*RECORDS FOR THE TASK*

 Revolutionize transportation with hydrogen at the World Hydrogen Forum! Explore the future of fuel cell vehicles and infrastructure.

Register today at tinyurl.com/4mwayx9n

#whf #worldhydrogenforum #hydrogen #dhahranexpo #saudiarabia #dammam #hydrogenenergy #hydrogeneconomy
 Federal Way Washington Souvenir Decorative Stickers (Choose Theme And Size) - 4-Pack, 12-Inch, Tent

==

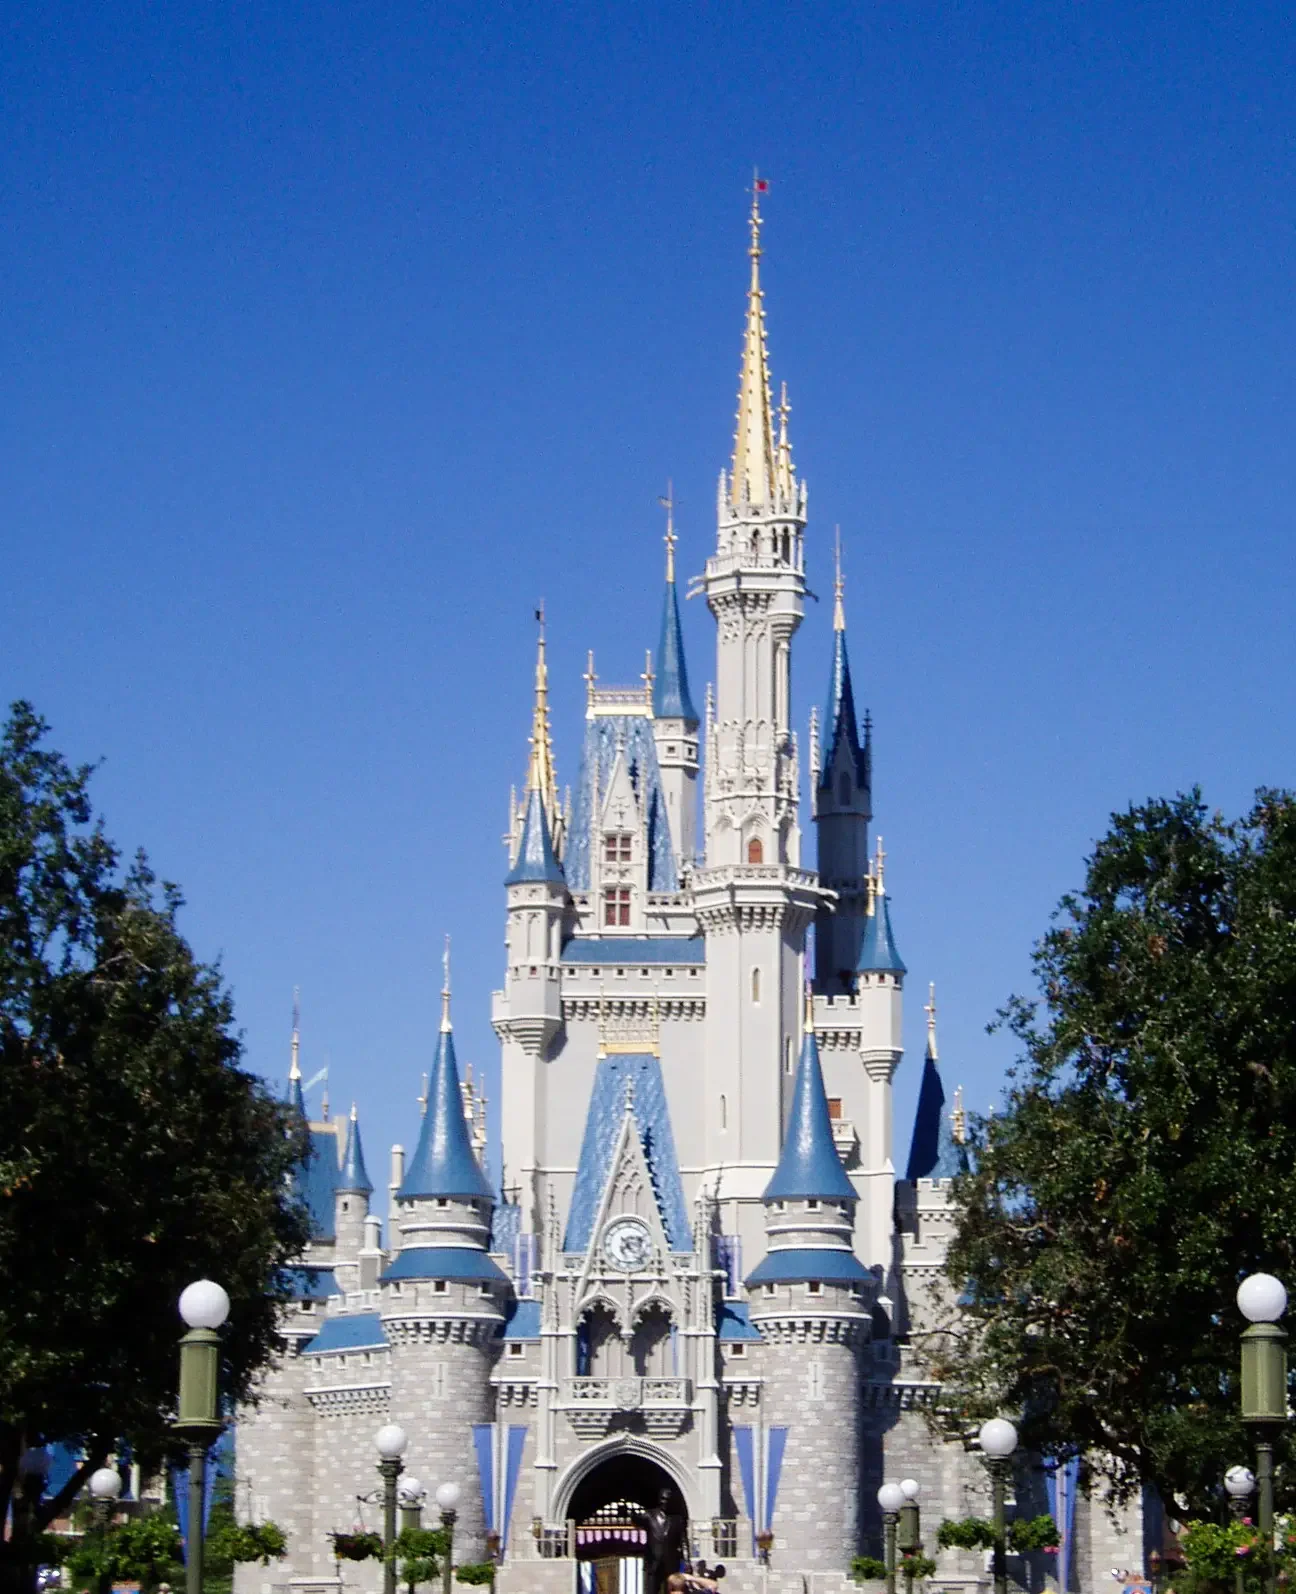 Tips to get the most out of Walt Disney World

*WORK INSTRUCTIONS*
As the answer, set down only the lines from the data above between the one holding "Register today at tinyurl.com/4mwayx9n" and the one holding "Federal Way Washington", inclusive, exactly as they read.

*EXERCISE SOLUTION*
Register today at tinyurl.com/4mwayx9n

#whf #worldhydrogenforum #hydrogen #dhahranexpo #saudiarabia #dammam #hydrogenenergy #hydrogeneconomy
 Federal Way Washington Souvenir Decorative Stickers (Choose Theme And Size) - 4-Pack, 12-Inch, Tent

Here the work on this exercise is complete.